Naser Beadini

Personal information
- Date of birth: 20 May 1962
- Place of birth: Tetovo, FPR Yugoslavia
- Date of death: 16 January 1992 (aged 29)
- Place of death: Eskişehir, Turkey
- Position: Forward

Senior career*
- Years: Team / Apps / (Gls)
- 1980–1984: Teteks / 75 / (17)
- 1985–1988: Eskişehirspor / 56 / (18)
- 1988–1990: Samsunspor / 31 / (3)
- 1990–1991: Eskişehirspor / 28 / (?)
- 1991–1992: Kayserispor / 16 / (4)
- Total:  / 206 / (42)

= Naser Beadini =

Yugoslav footballer (1962–1992)

Naser Beadini (20 May 1962 - 16 January 1992) was a Yugoslav professional football forward who played for clubs in the former Yugoslavia and Turkey.

==Career==
Born in Tetovo, SR Macedonia, back then within Yugoslavia, Beadini began playing football for local side FK Teteks. He helped Teteks gain promotion to the Yugoslav First League during his four seasons with the club.

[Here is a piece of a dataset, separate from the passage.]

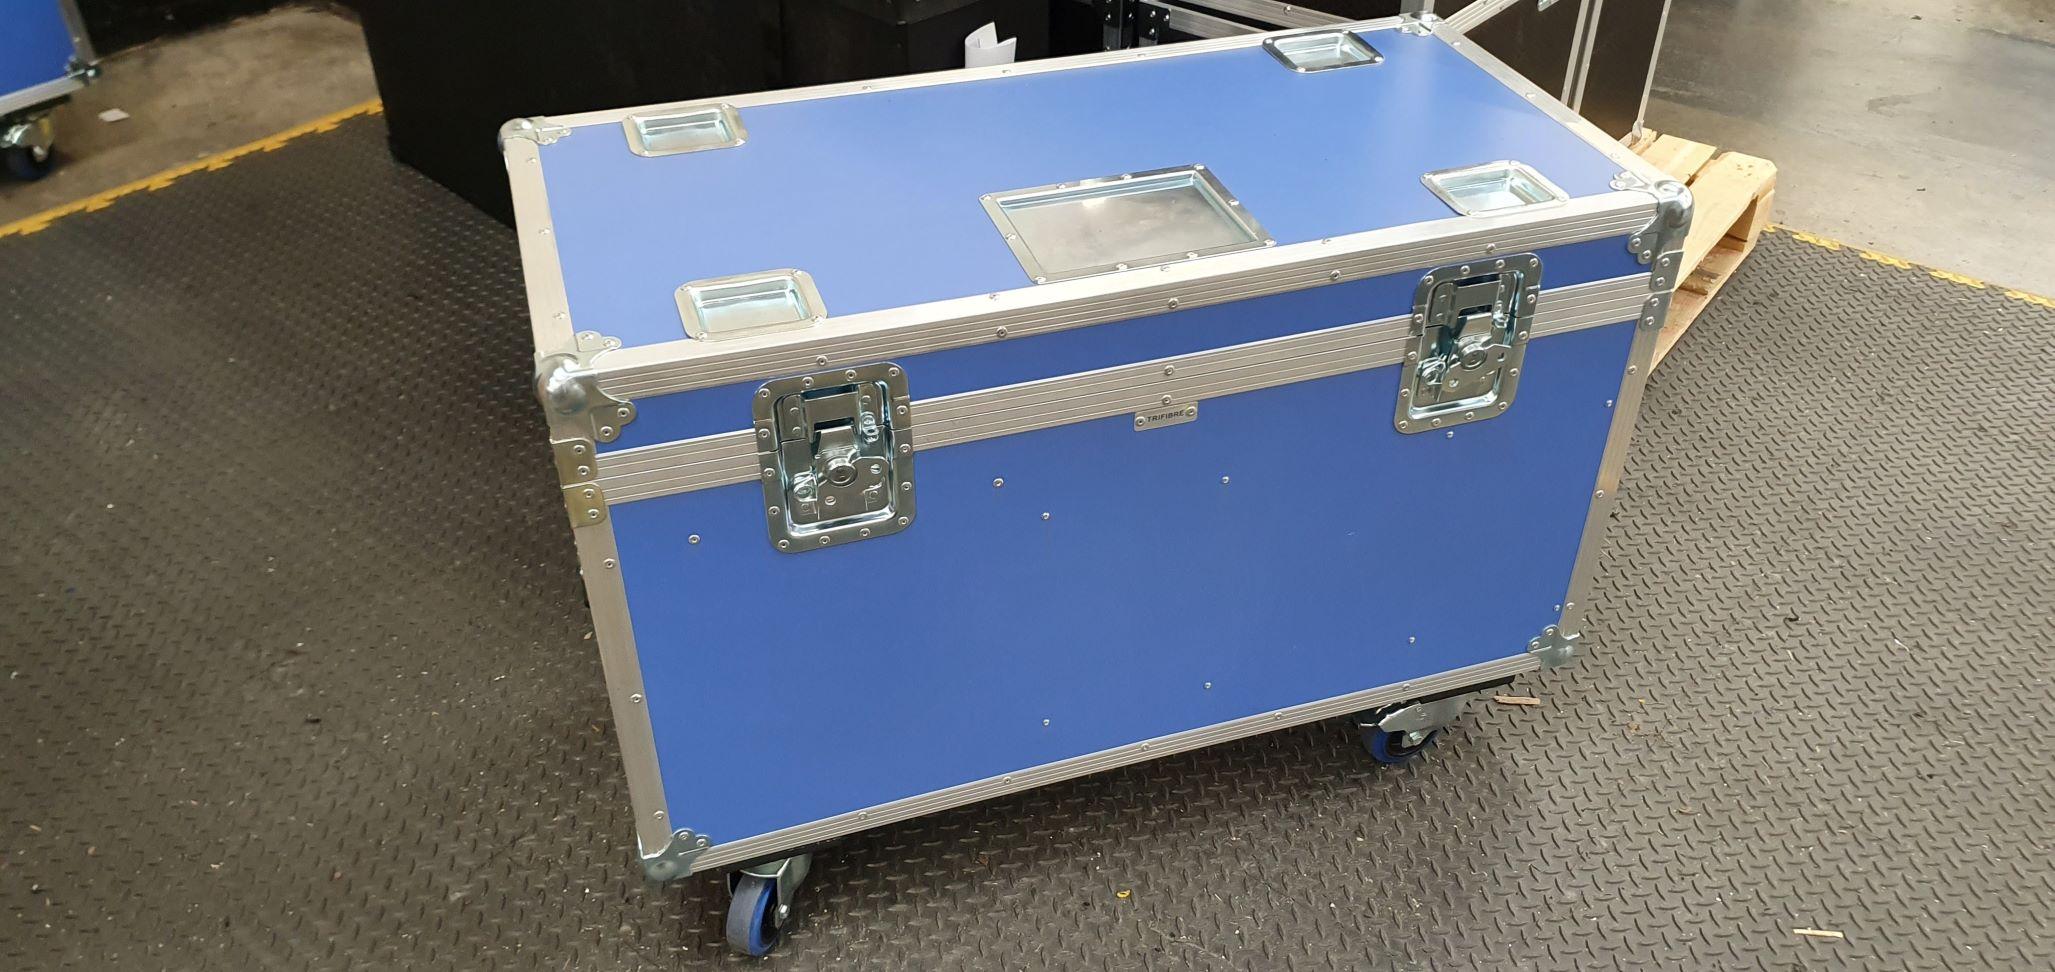 Road Trunk Flight Case - 2 Compartments & Adjustable Division Slots

Beadini joined Turkish Süper Lig side Eskişehirspor in 1985. After three seasons, ho moved to rivals Samsunspor for two seasons. He returned to Eskişehirspor for the following season, before moving to Kayserispor in 1991.

==Personal life==
Beadini, together with another player and a trainer, died in a traffic accident near Eskişehir on 16 January 1992.